High summer temperatures do two things that interact badly. First, peak nectar flows trigger peak queen laying, which means peak brood, which means the lowest phoretic fraction of the year and the most misleading wash counts. Second, varroa reproductive rates are highest when brood rearing is most intense, so the true infestation is growing fastest at exactly the moment your sampling method is least sensitive to it.

Heat stress on bees can also affect your sampling logistics. Bees sampled in high-heat conditions and processed slowly (if you're doing sugar roll rather than alcohol wash) can recover and escape before you count them, undercounting mites.
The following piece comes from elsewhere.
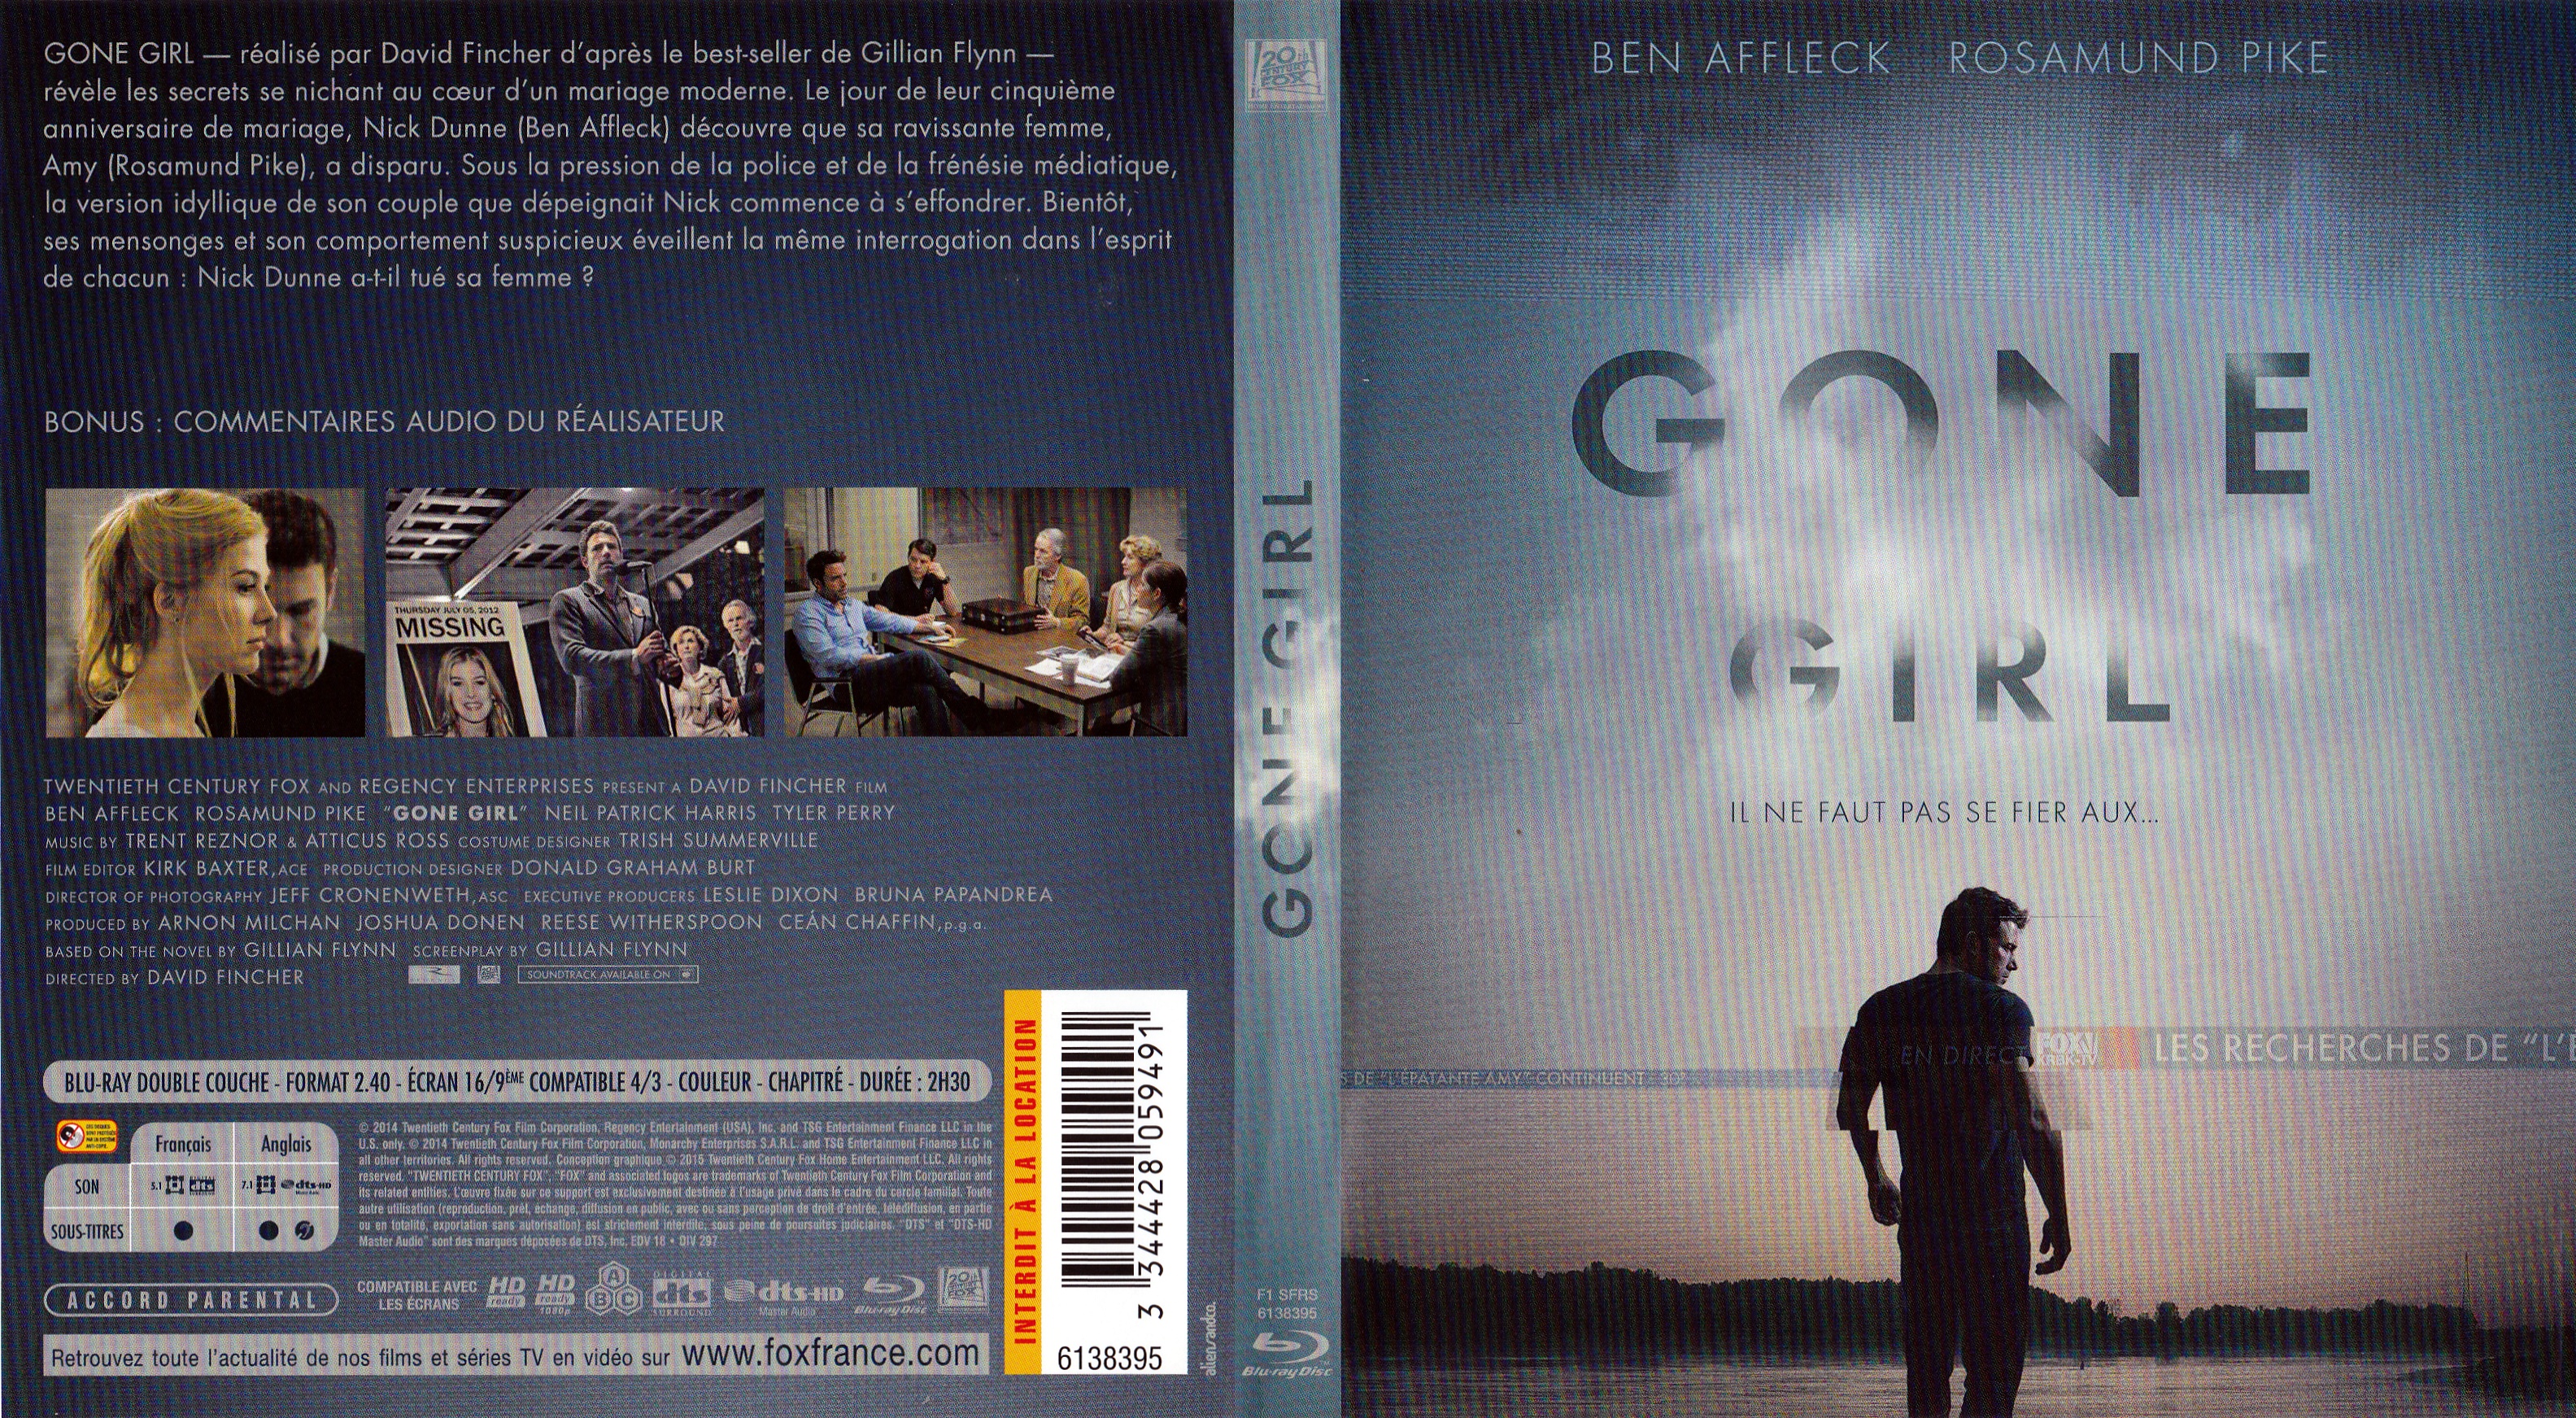 Jaquette DVD Gone girl (BLU-RAY) v2

Alcohol wash avoids this problem because bees don't recover, which is one reason it's considered more repeatable and is recommended over sugar roll for accurate monitoring [1].

Summer dearth periods (common in July and August in many US regions) can briefly reduce brood as queens slow laying in response to reduced forage. This counterintuitively can slightly raise the phoretic fraction and make a late July or early August sample somewhat more accurate than a late June sample at peak flow. If you know your local dearth window, sampling during it rather than during peak flow gives you a slightly better picture.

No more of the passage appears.